→ WHAT THE EXERCISE ASKS:
From the first line to the last, repeat the data exactly and drop the pictures.

→ RECORDED INFORMATION:
═══
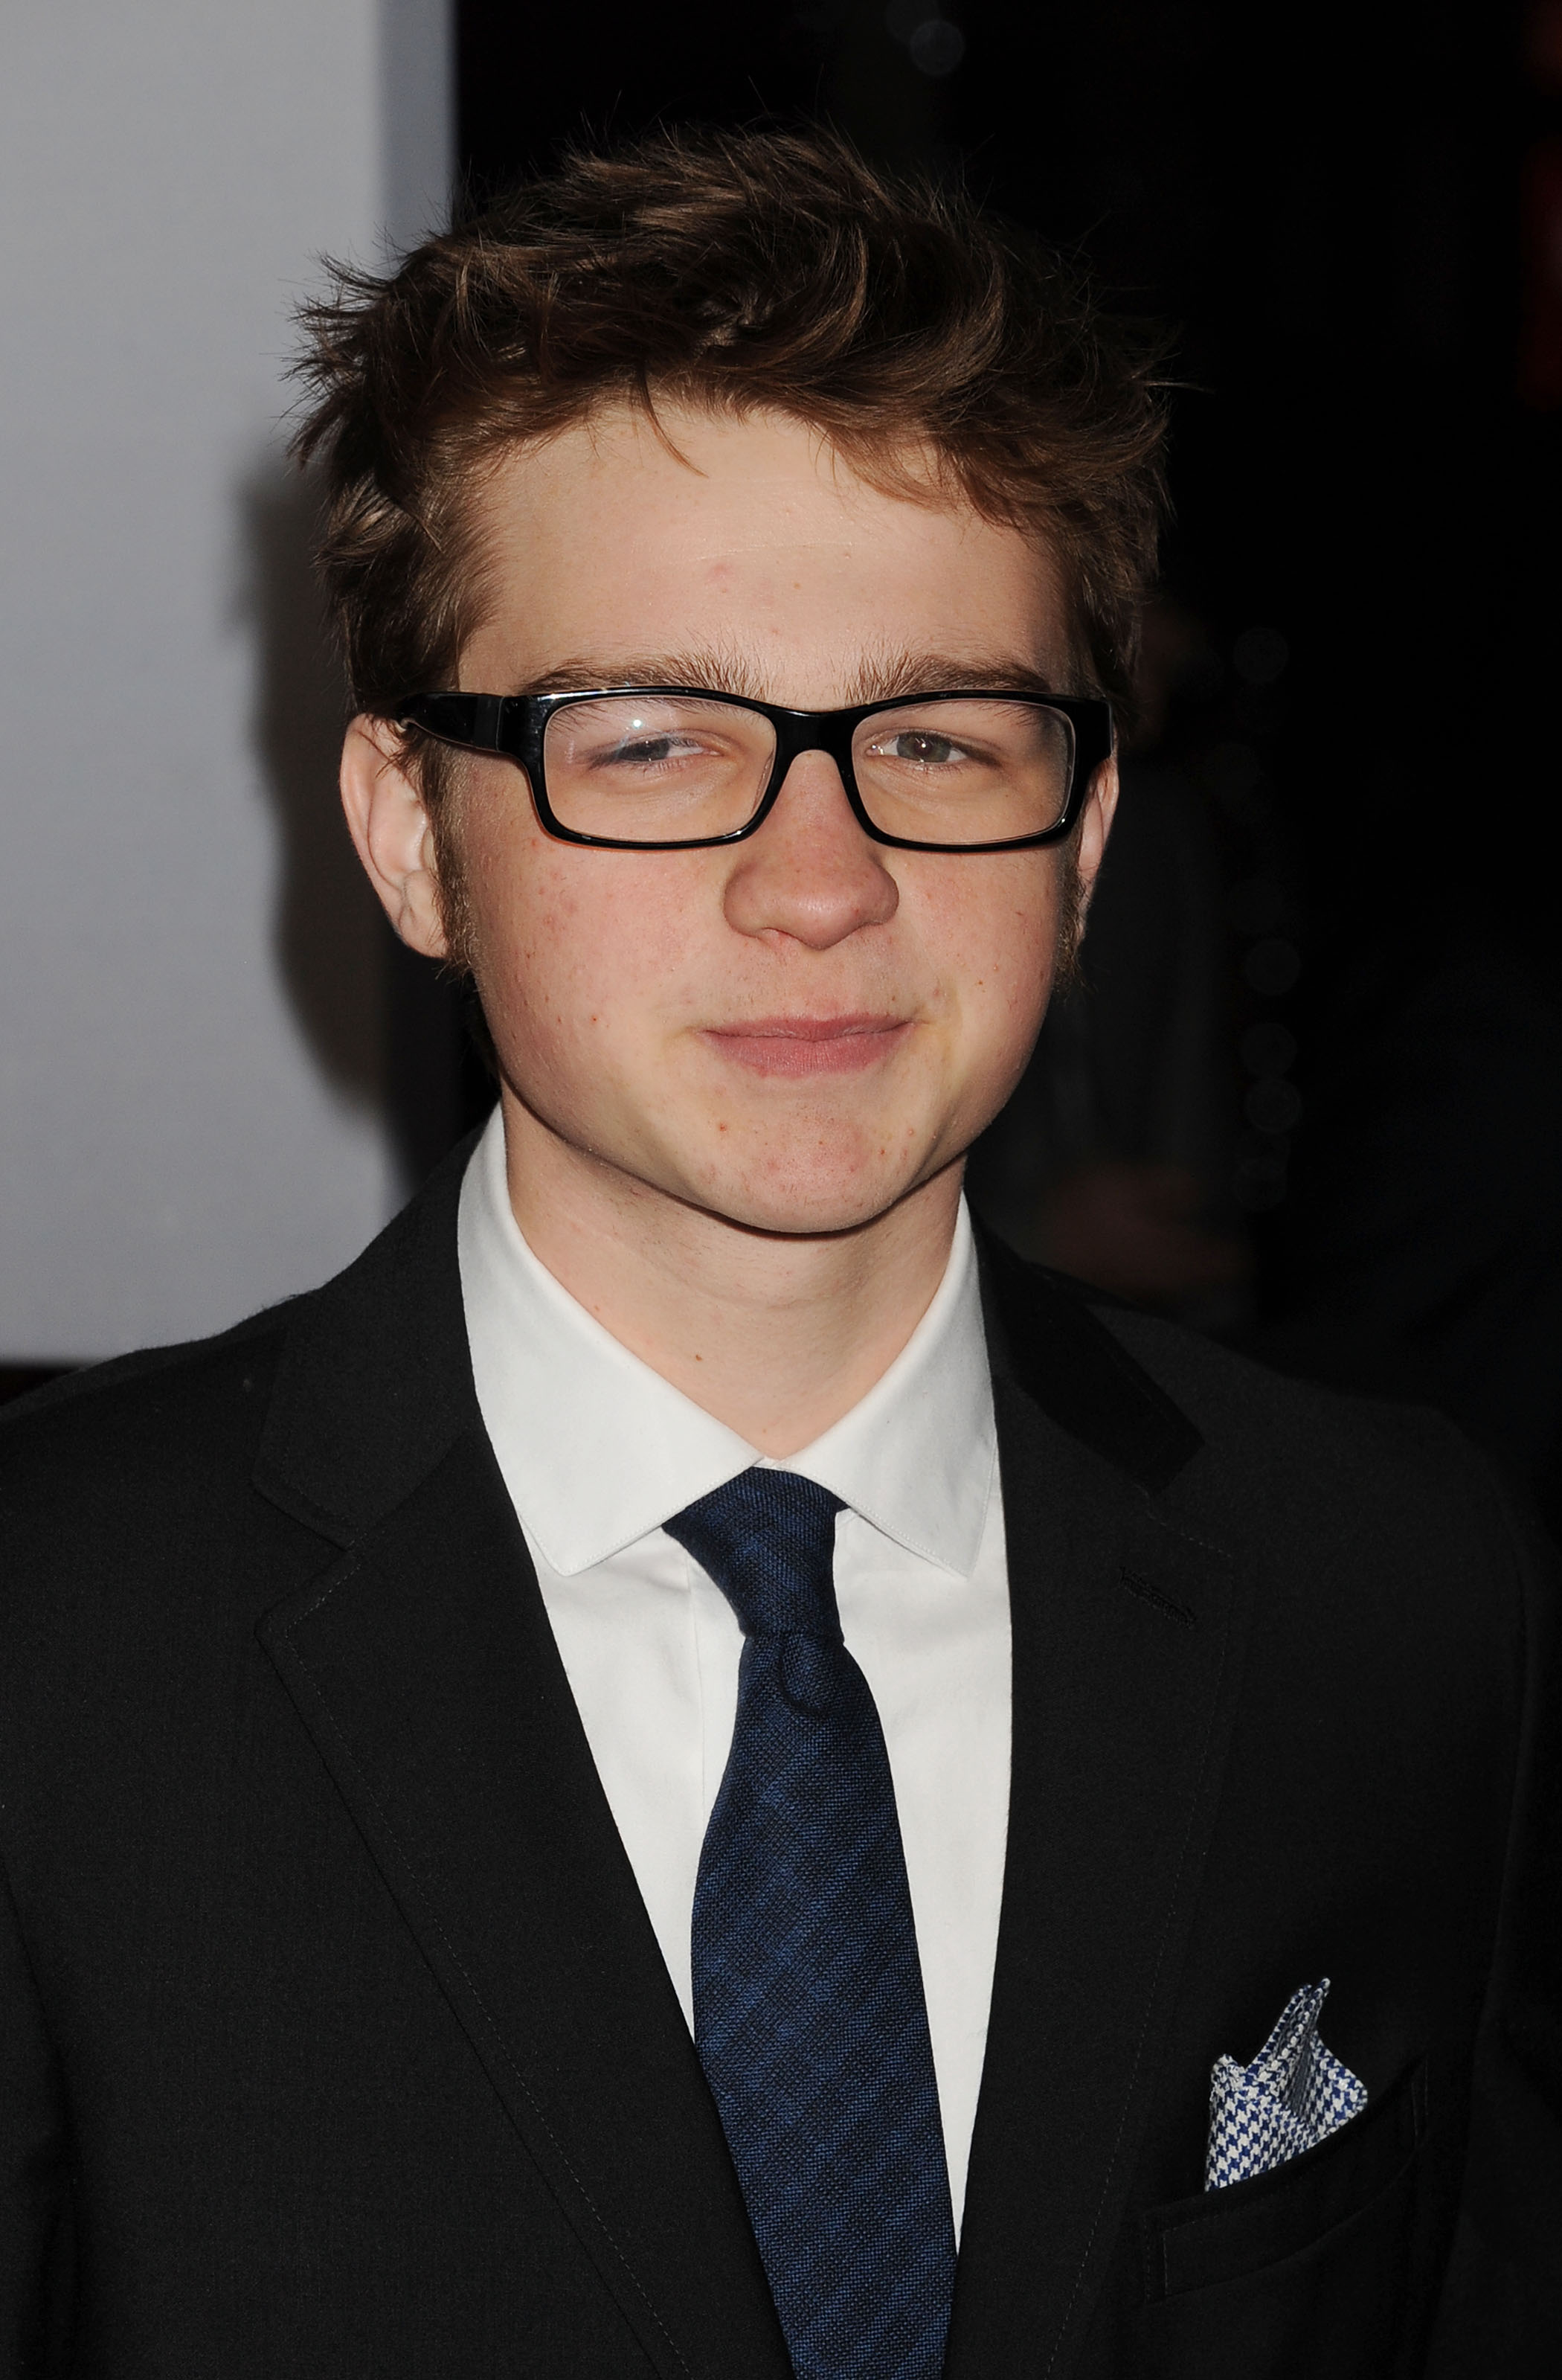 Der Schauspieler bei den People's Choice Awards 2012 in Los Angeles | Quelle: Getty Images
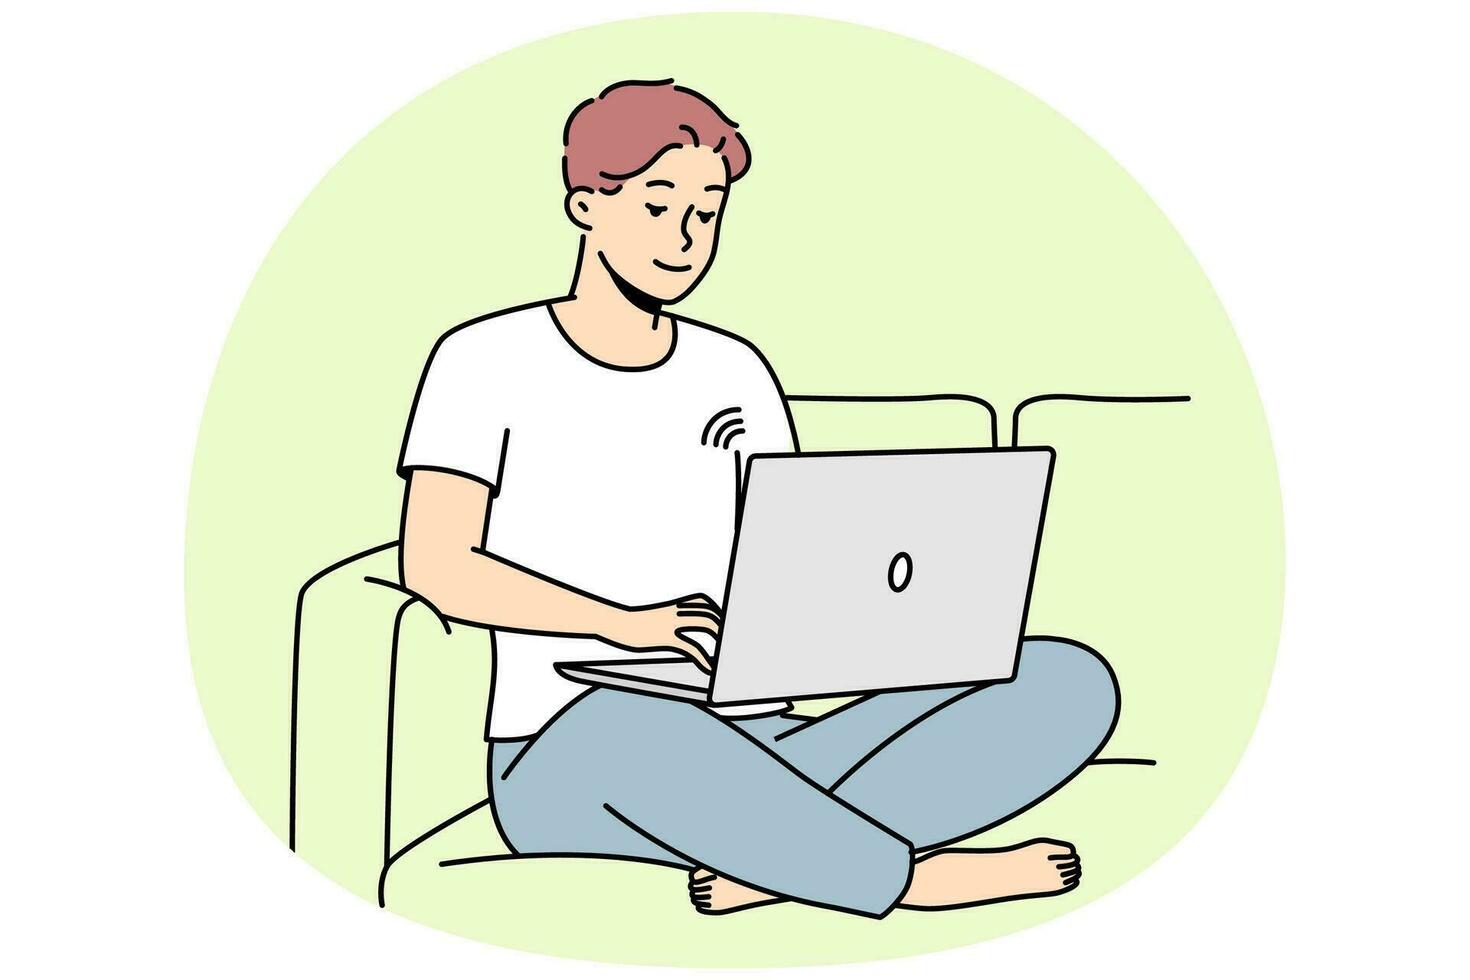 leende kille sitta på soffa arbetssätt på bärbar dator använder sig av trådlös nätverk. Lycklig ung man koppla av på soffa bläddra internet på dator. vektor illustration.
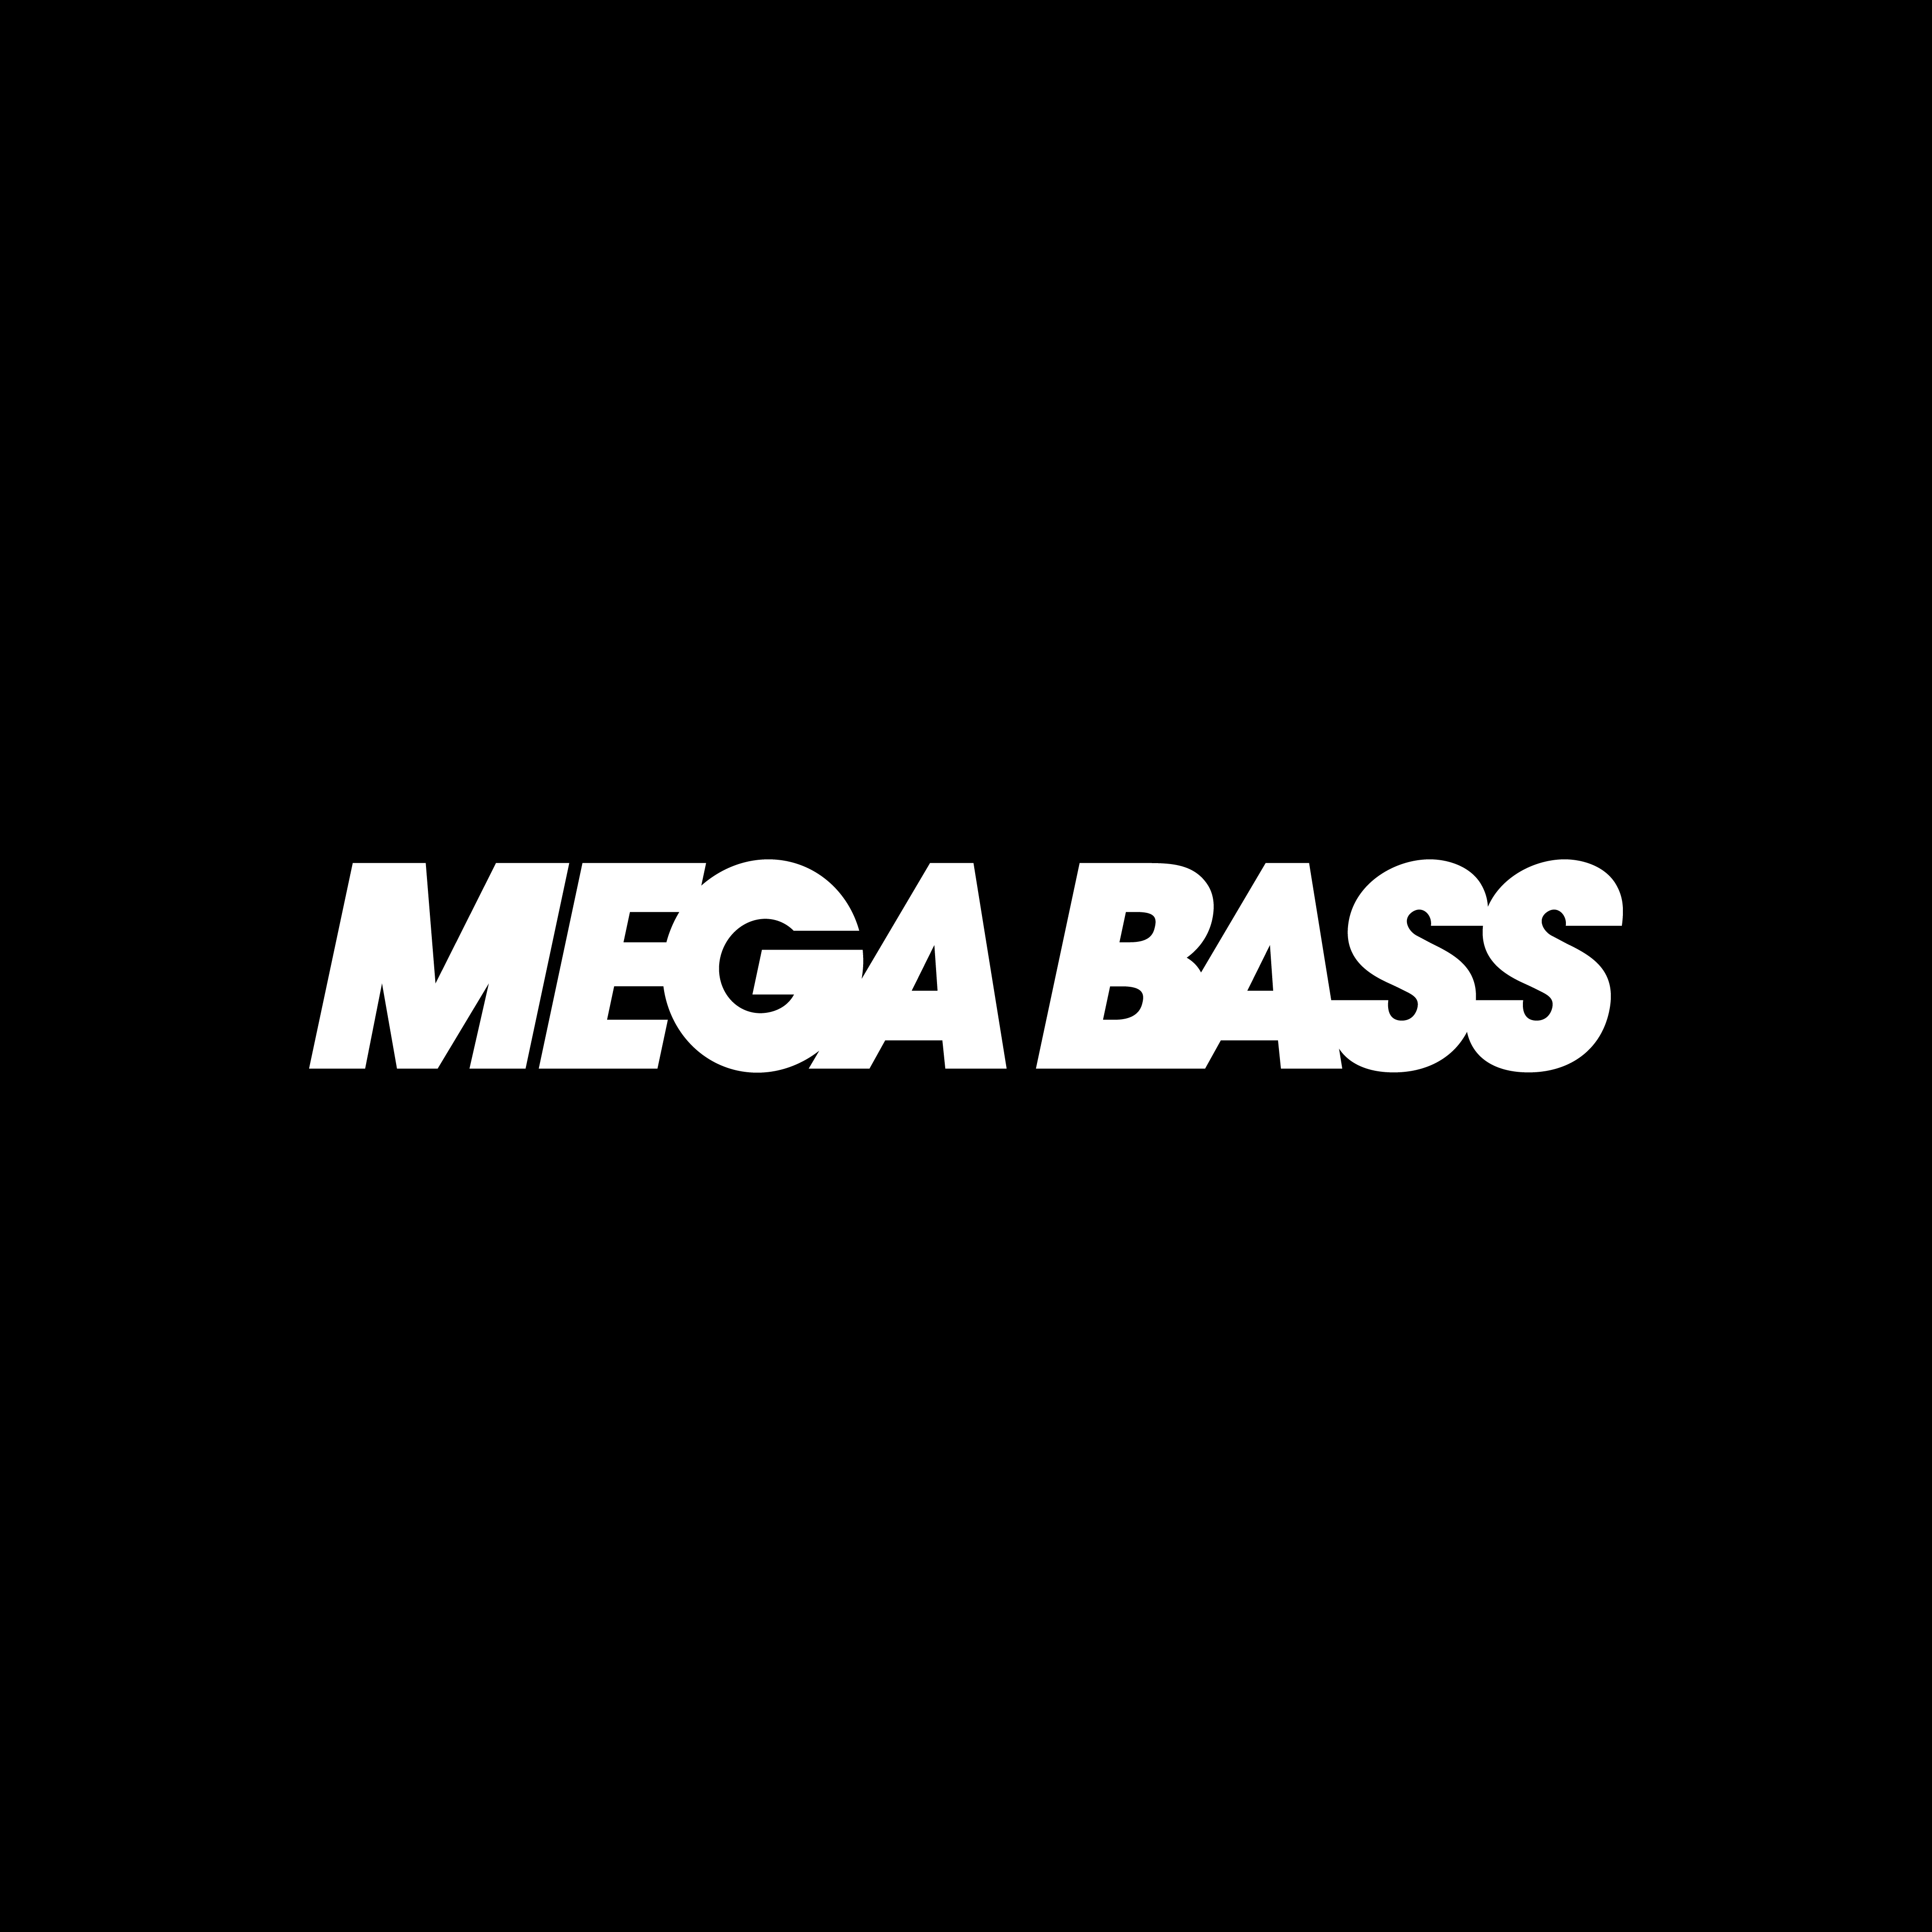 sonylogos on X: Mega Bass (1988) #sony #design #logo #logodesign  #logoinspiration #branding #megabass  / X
═══
→ RESULT OF THE TASK:
 Der Schauspieler bei den People's Choice Awards 2012 in Los Angeles | Quelle: Getty Images
 leende kille sitta på soffa arbetssätt på bärbar dator använder sig av trådlös nätverk. Lycklig ung man koppla av på soffa bläddra internet på dator. vektor illustration.
 sonylogos on X: Mega Bass (1988) #sony #design #logo #logodesign  #logoinspiration #branding #megabass  / X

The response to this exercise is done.